Sponsors are required to include the following persons in their household:
- Their spouse
- Any children by birth, marriage, or adoption living in the sponsor’s residence
- Any other individual claimed as a dependent on the sponsor’s tax return for the most recent year, regardless of whether they are related to the sponsor or have the same address as the sponsor
- The principal visa applicant (i.e. the person you are sponsoring)
- Any derivative applicant who plans to immigrate within 6 months
- Any other person in the U.S. whom the sponsor is supporting on a different Form I-864, if the obligation has not terminated
- Any nondependent siblings, parents, or adult children who reside in the sponsor’s household who are not dependents, if they complete a Form I-864.
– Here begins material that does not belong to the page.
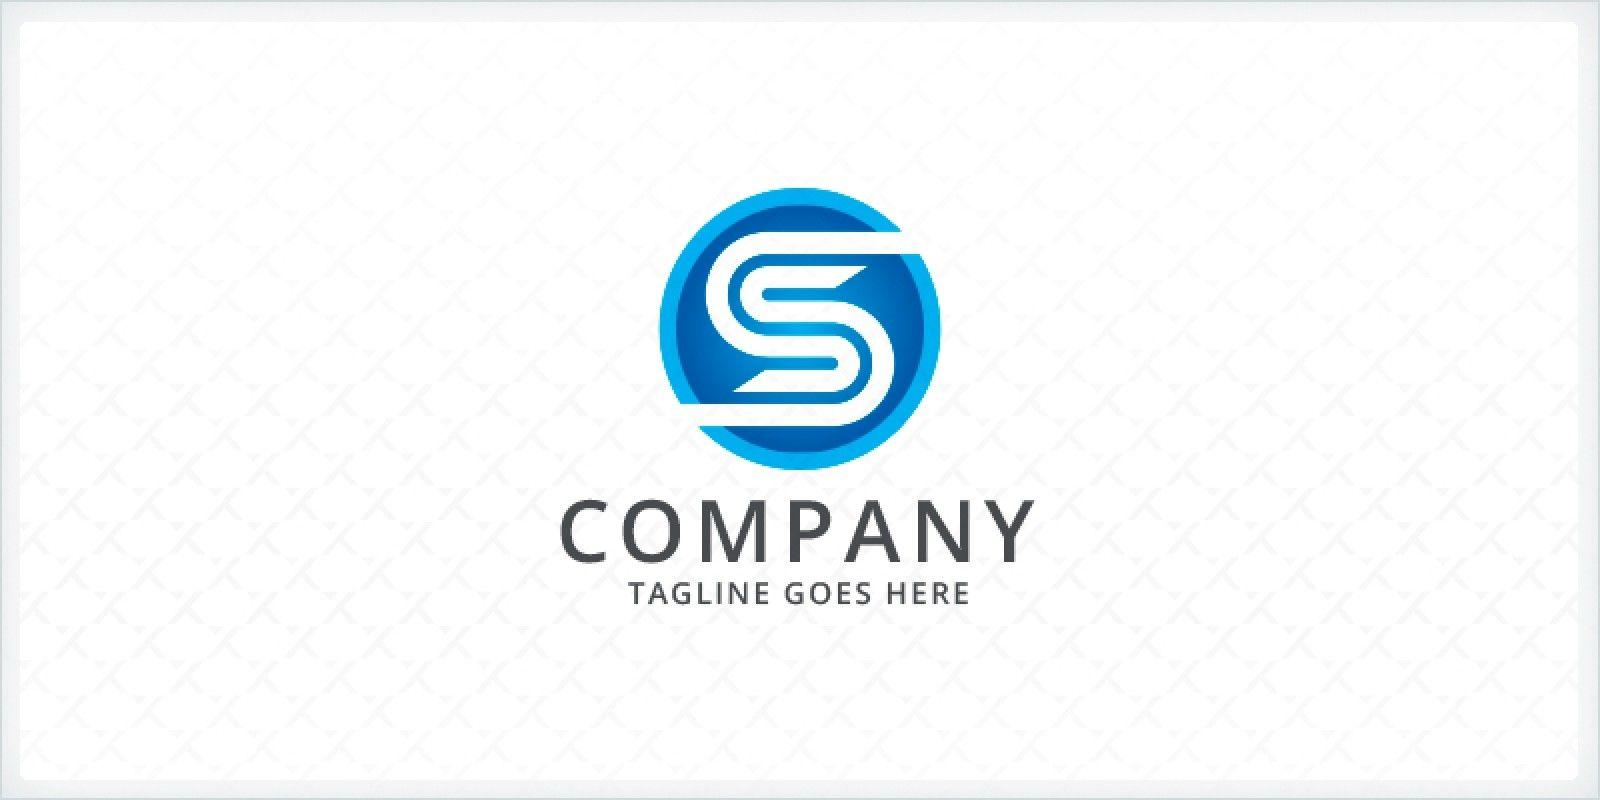 SS Logo - Letter S or SS Logo | Codester

What if my income is too low?
Sometimes, the sponsor’s income may fall below the HHS Poverty Guidelines for their applicable household size. When this is the case, there are options available.
First, the sponsor is permitted to submit the value of assets to make up the difference between their income and their applicable HHS threshold. When looking at income levels, the reviewing officer will first consider the sponsor’s employment income. Personal assets and/or the income and assets of household members who signed the Form I-864A are totalled next. The government does require that evidence of these assets be included in the application. Assets must be convertible to cash within one year, and converting the asset to cash must not create considerable hardship or financial loss to the sponsor and/or their family. Examples of assets include:
- Stock and bonds
- Property (including the value of the primary residence)
- Automobiles (if there is more than one and the primary automobile is not included as an asset)
- Assets owned by the person being sponsored that are outside of the U.S.
- NOTE: Assets must be legally allowed to leave the country, AND the net value of assets in this case must be at least five times the difference between the sponsor’s income and 125% of the poverty guideline for the sponsor’s household size.
Second, the sponsor is permitted to find a “joint sponsor” who will agree to also financially support the individual being sponsored. This is easier said than done because of the financial liability attached to being a sponsor. Joint sponsors are equally responsible for financially supporting the green card holder, and have to maintain their income at 125% of HHS Poverty Guidelines levels until the sponsorship ends. They are also responsible for reimbursing the government should the green card holder use public benefits.
Joint sponsors are allowed to use the income of other members of their own household in order to meet the minimum income threshold for the applicable household size.
Third, the sponsor is permitted to use the income of another household member in order to meet the minimum income threshold. This might include the income of a spouse, adult child, or parents who live with you. In order for these individuals to qualify as household members for the purpose of combining household income, they must have been claimed as a dependent on the sponsor’s most recent tax return or lived with them for the past 6 months.
Can a valid job offer for the visa applicant be included in the sponsor’s income?
No, U.S. immigration laws do not recognize offers of employment as substitutes for a Form I-864. A job offer may be helpful for the visa interview, as it demonstrates that the individual is unlikely to become a public charge, but it does not meet the Form I-864 requirement.
Once we meet the minimum income requirements, will our application be approved?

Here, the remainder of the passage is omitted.